Only the pictures are to be left out; return the rest of the data exactly as it stands.

• DATASET EXTRACT:
--------------------------------

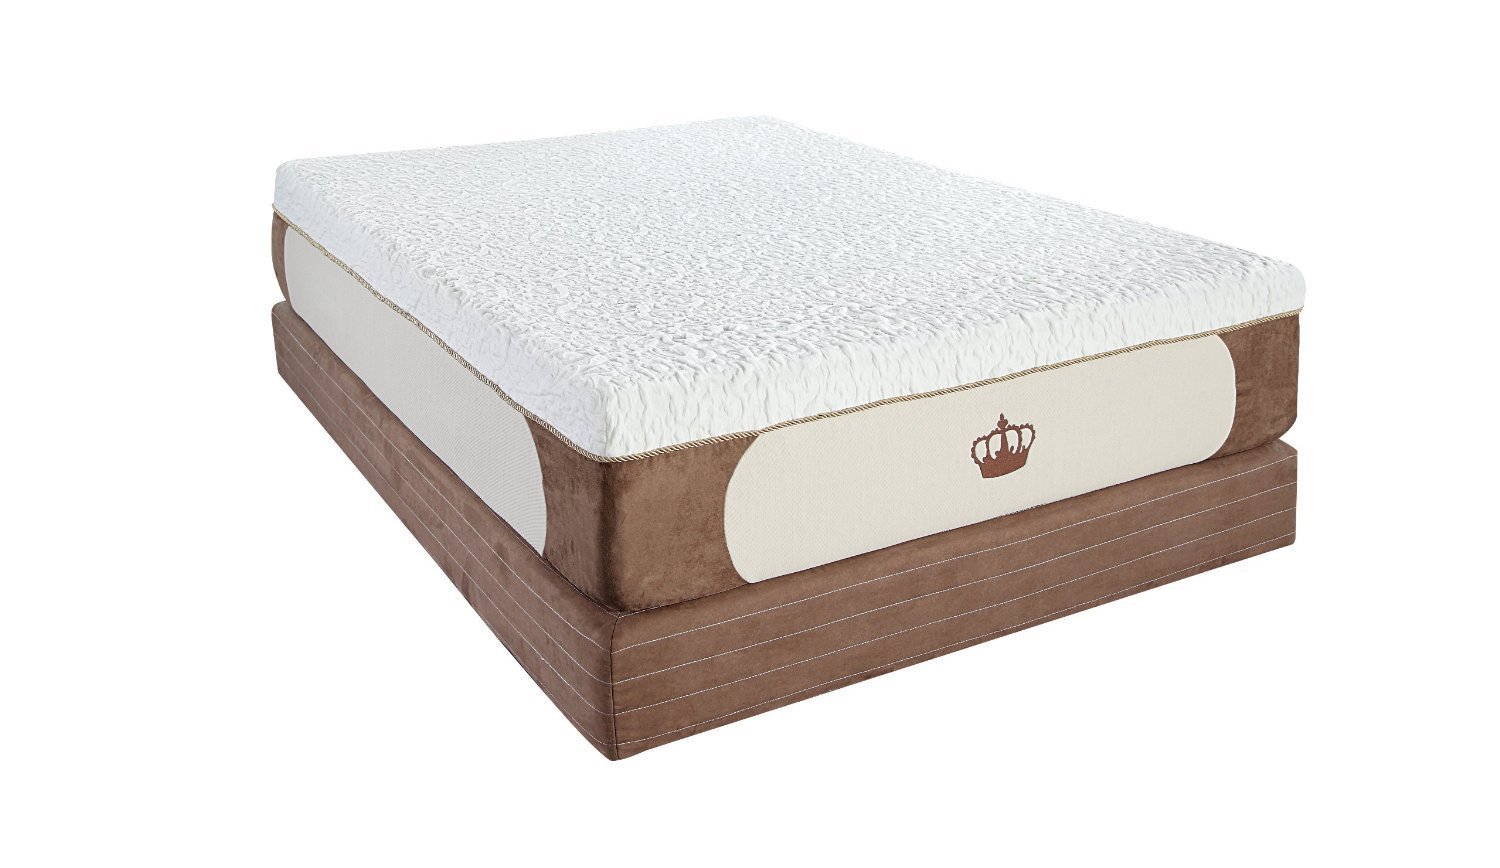 12 viviant foam mattress
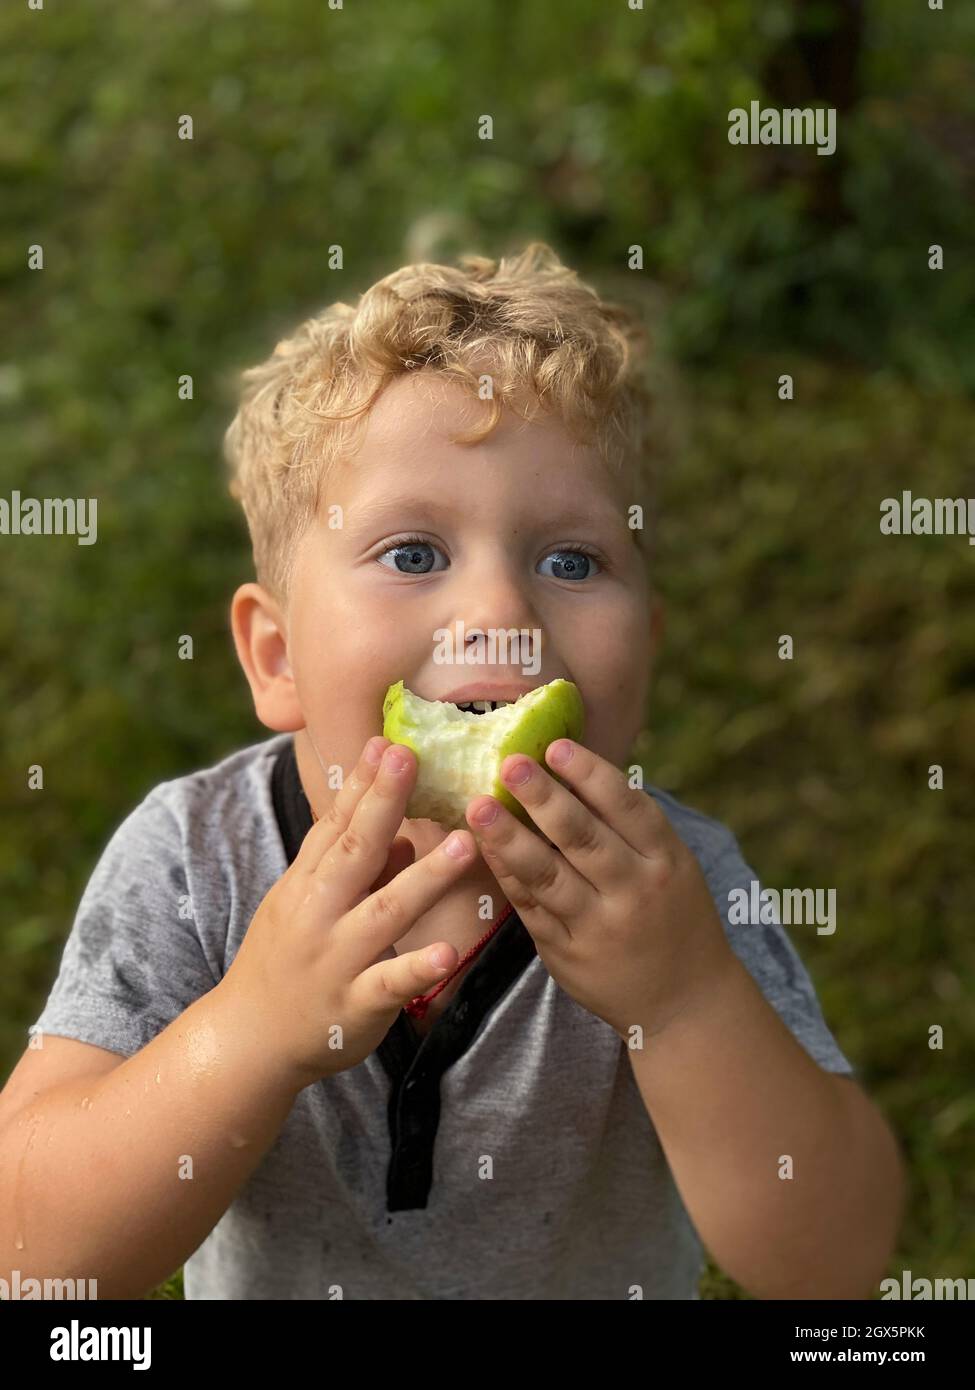 Junge in einem grauen T-Shirt frisst einen grünen Apfel im Garten Stockfoto
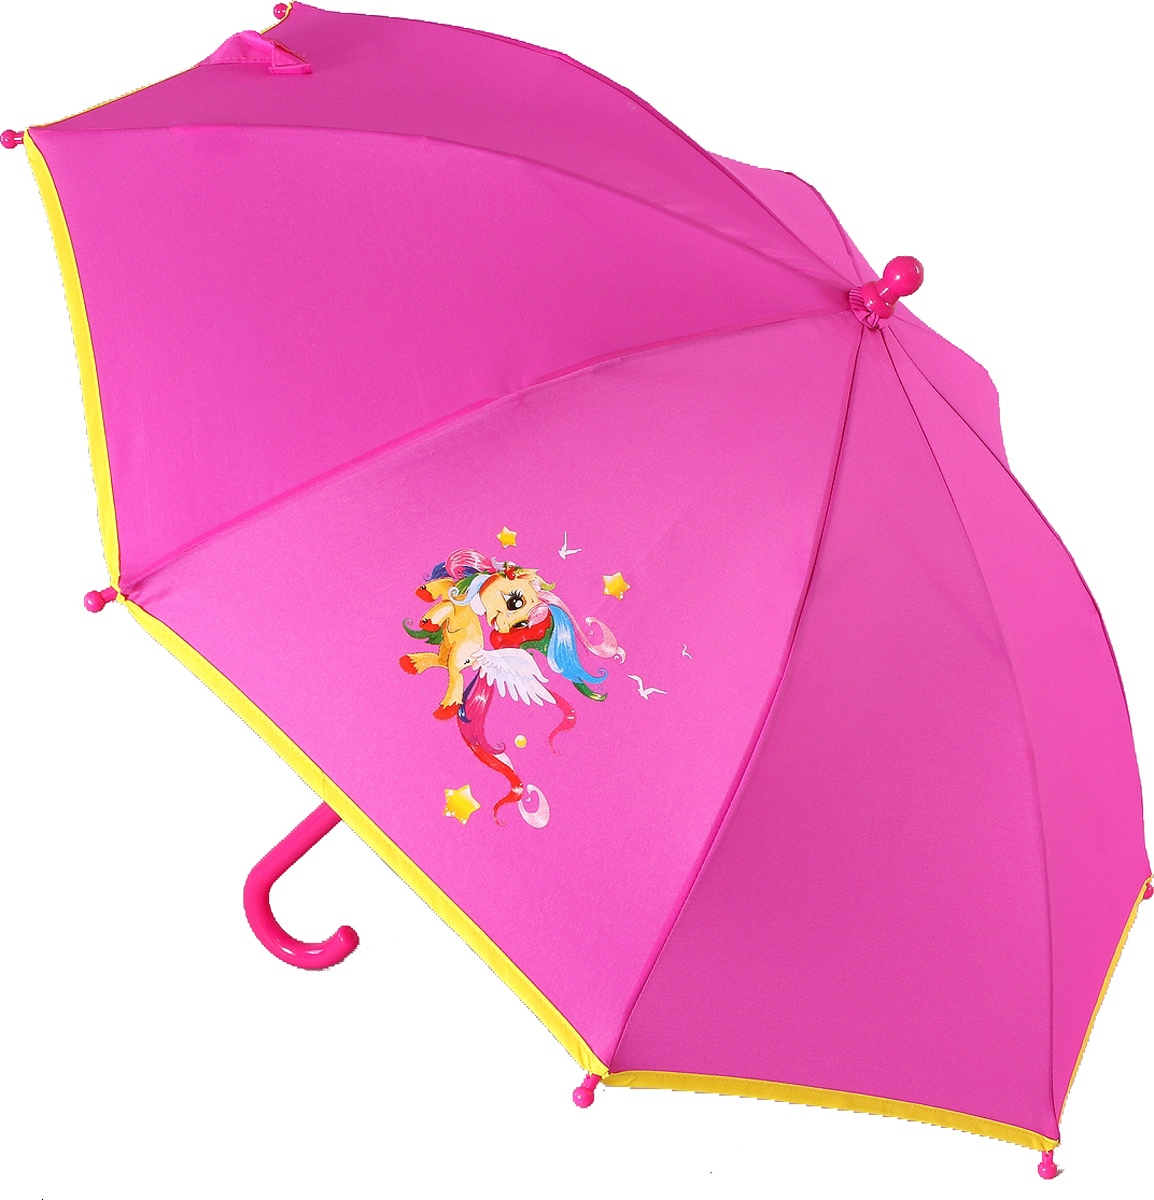 Зонт-трость детский ArtRain, автомат, цвет: фуксия, желтый. 1662-01
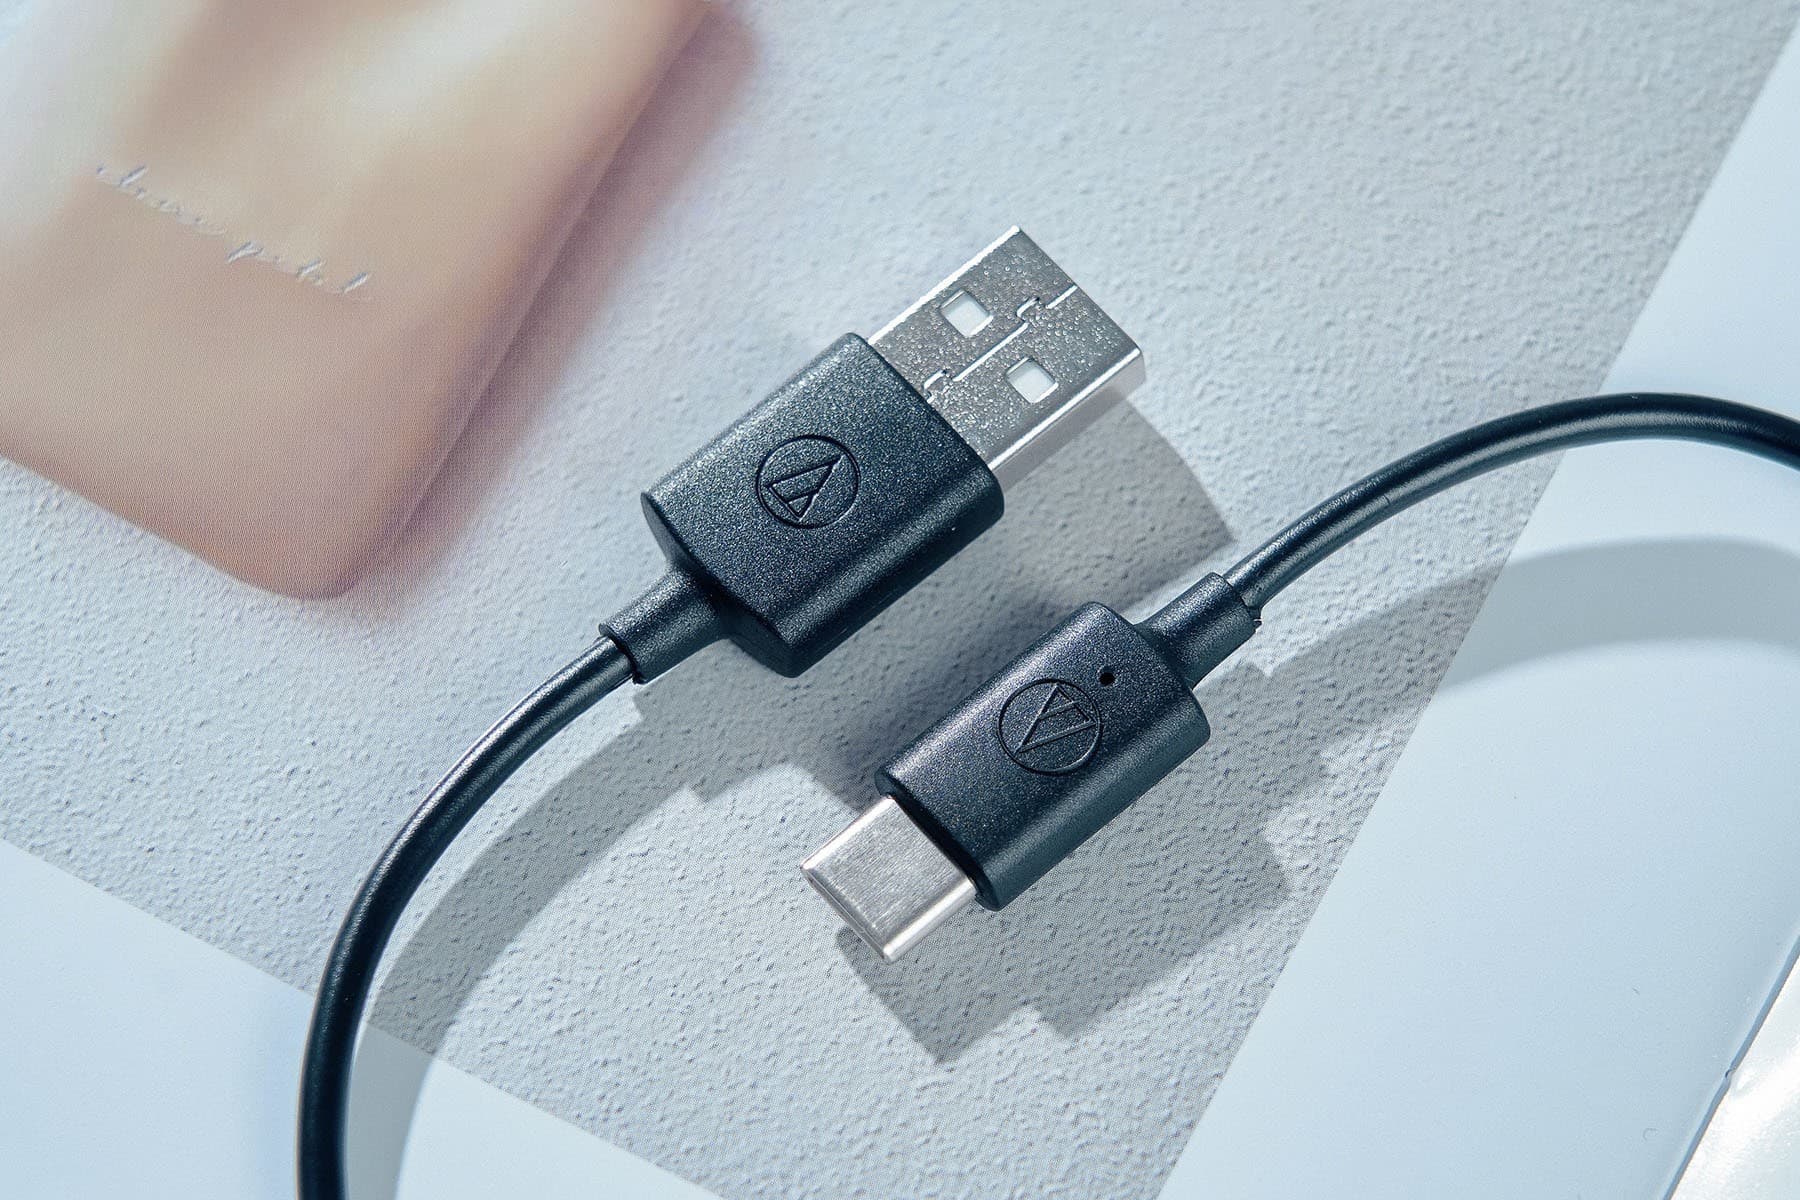 隨盒附贈的 USB-A to USB-C 充電線。

--------------------------------

• SOLUTION BELOW:
 12 viviant foam mattress
 Junge in einem grauen T-Shirt frisst einen grünen Apfel im Garten Stockfoto
 Зонт-трость детский ArtRain, автомат, цвет: фуксия, желтый. 1662-01
 隨盒附贈的 USB-A to USB-C 充電線。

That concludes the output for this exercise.